No, I was alluding to Mr Thesiger’s attentions to dear Ernestine. Most marked. In dear Frederick’s place I should have found some excuse for shortening Mr Thesiger’s visit. But, of course, I cannot interfere. Gentlemen must manage these things for themselves. I only hope that there will be none of that trifling with the most holy affections of others which …’

  The less voluble aunt cut in hotly with: ‘Ernestine’s incapable of anything so unladylike.’

  ‘Just what I was saying,’ the other rejoined blandly, got up and drew the blind a little lower, for the afternoon sun was glowing on the rosy wreaths of the drawing-room carpet.

  Outside in the sunshine Frederick was doing his best to arrange his own affairs. He had managed to place himself beside Miss Ernestine Meutys on the stone steps of the pavilion; but then, Mr Thesiger lay along the lower step at her feet, a very good position for looking up into her eyes. Amelia was beside him, but then it never seemed to matter whom Amelia sat beside.

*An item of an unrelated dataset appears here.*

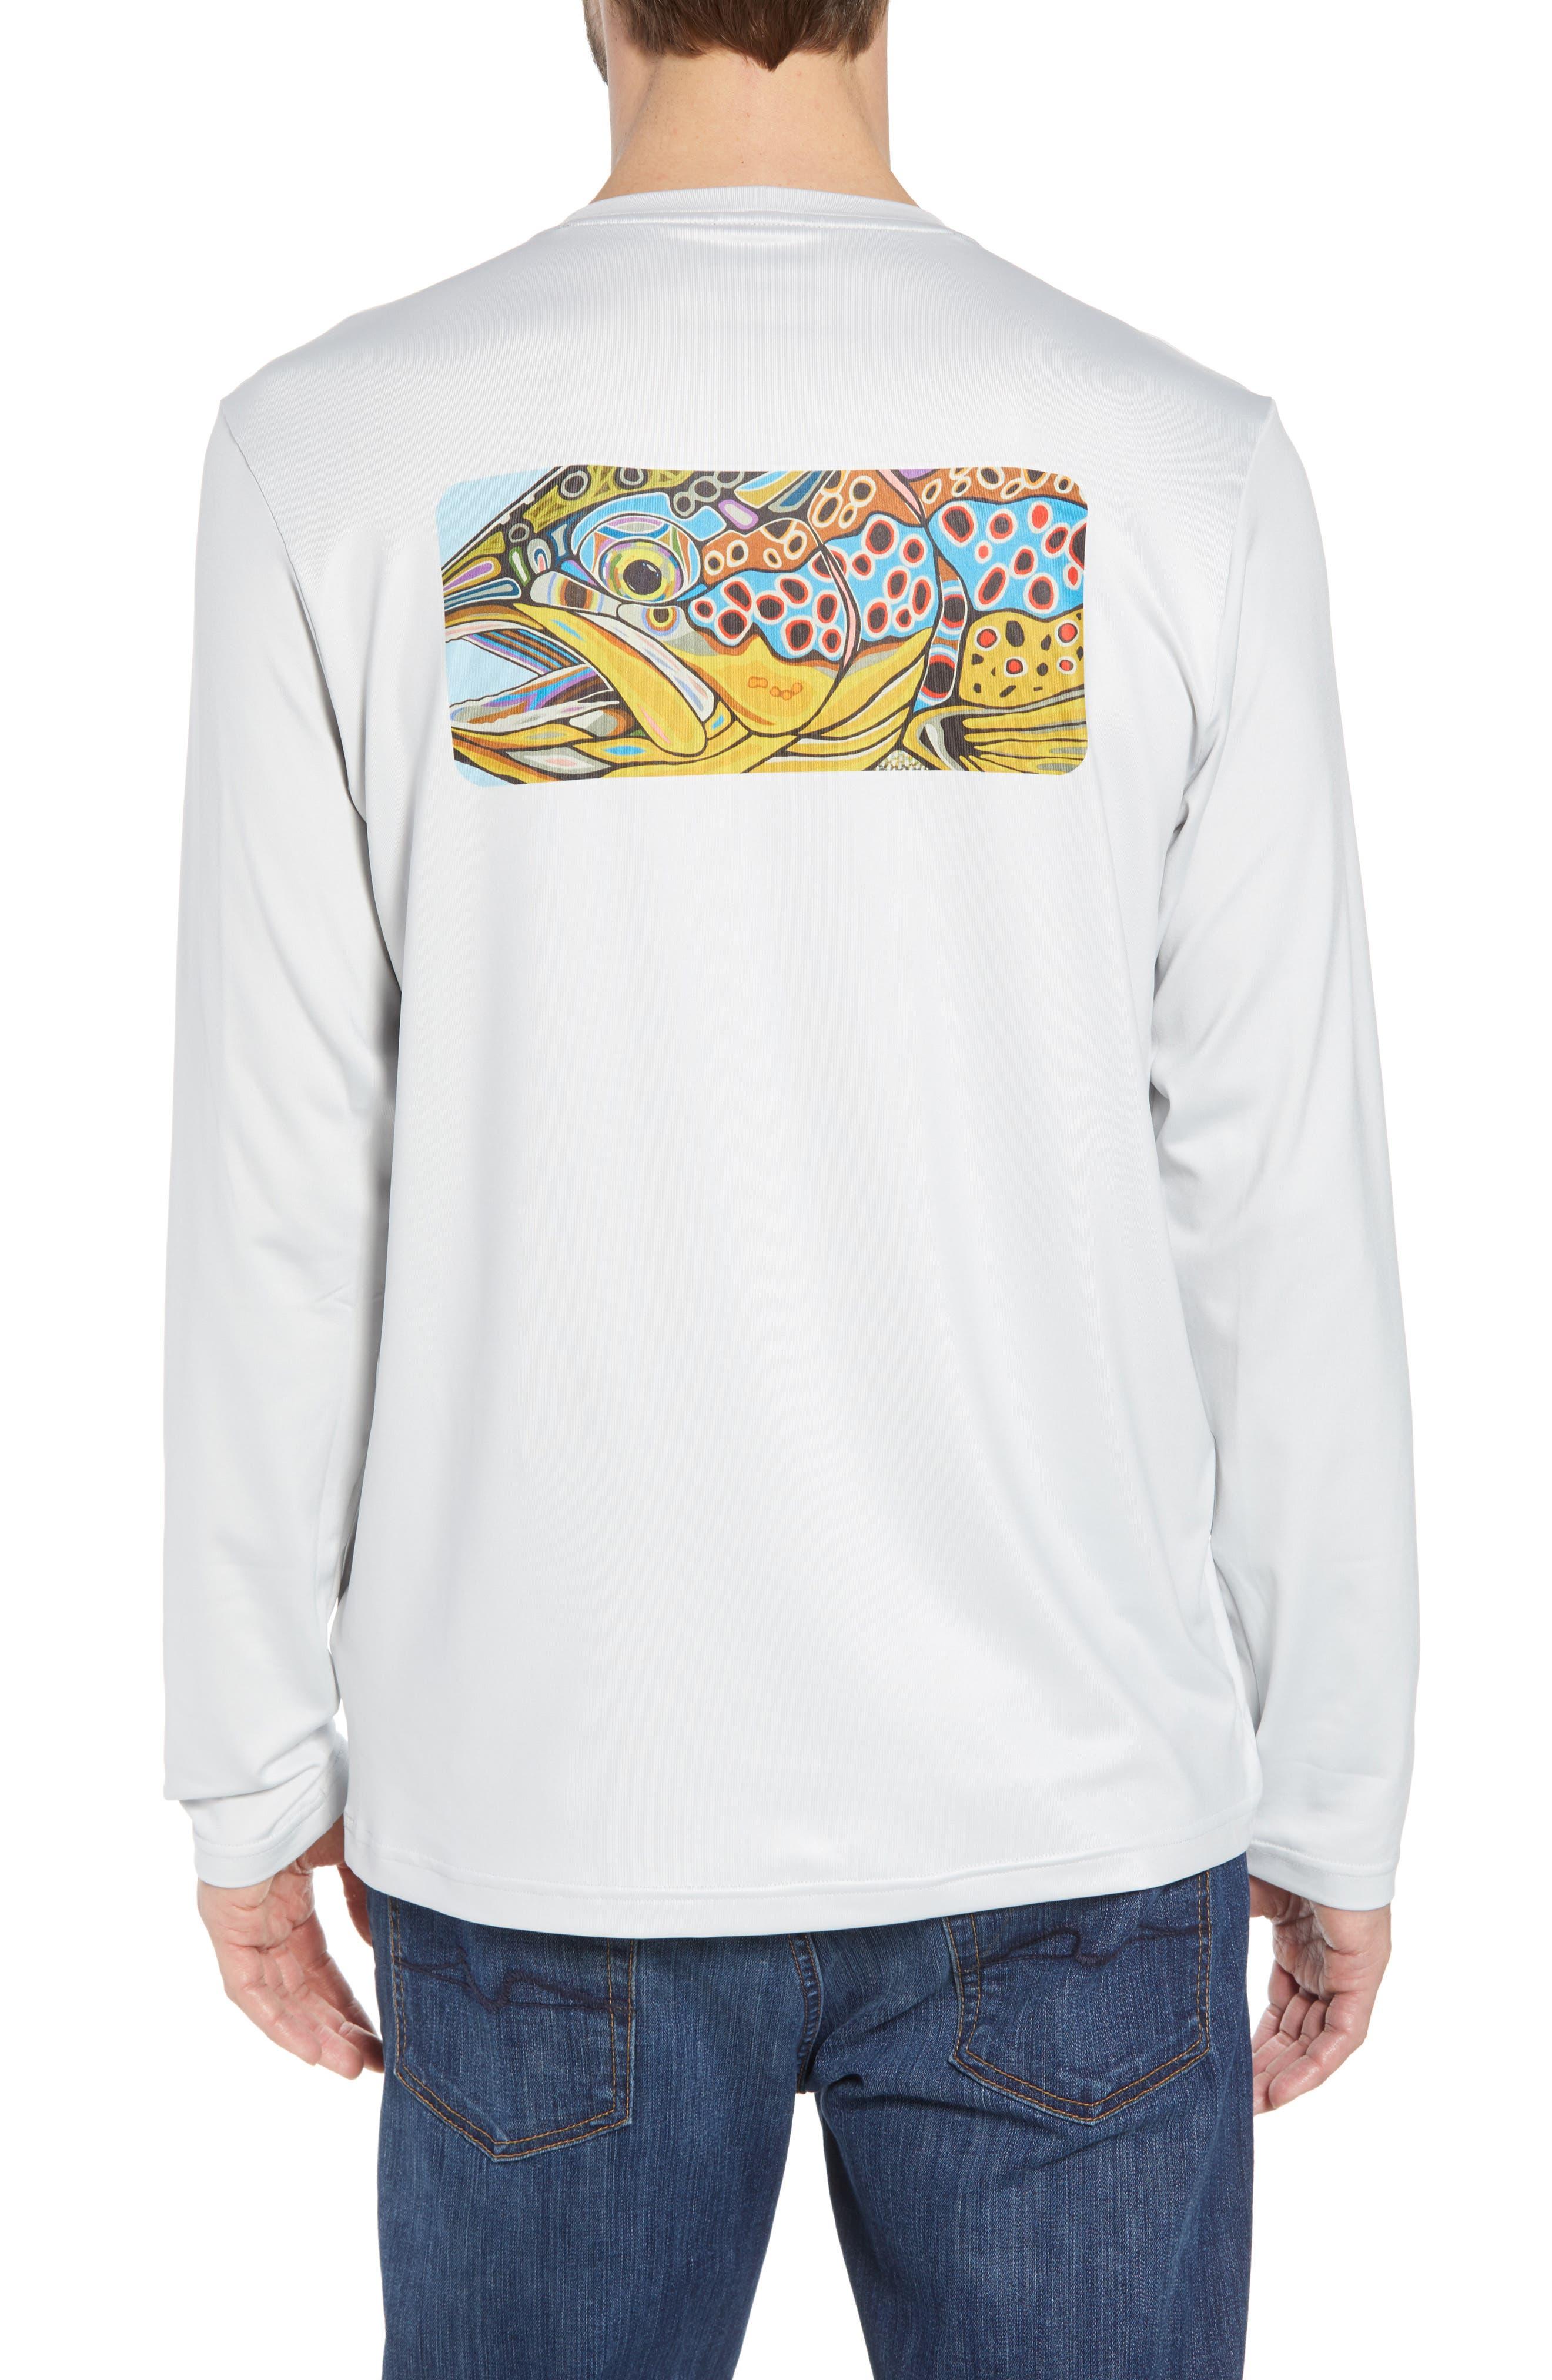 Tech Fish Graphic Long Sleeve T-Shirt,                             Alternate thumbnail 5, color,

  They were talking about the pavilion on whose steps they sat, and Amelia who often asked uninteresting questions had wondered how old it was. It was Frederick’s pavilion after all, and he felt this when his friend took the words out of his mouth and used them on his own account, even though he did give the answer in the form of an appeal.

  ‘The foundations are Tudor, aren’t they?’ he said. ‘Wasn’t it an observatory or laboratory or something of that sort in Fat Henry’s time?’

  ‘Yes,’ said Frederick, ‘there was some story about a wizard or an alchemist or something, and it was burned down, and then they rebuilt it in its present style.’

  ‘The Italian style, isn’t it?’ said Thesiger; ‘but you can hardly see what it is now, for the creeper.’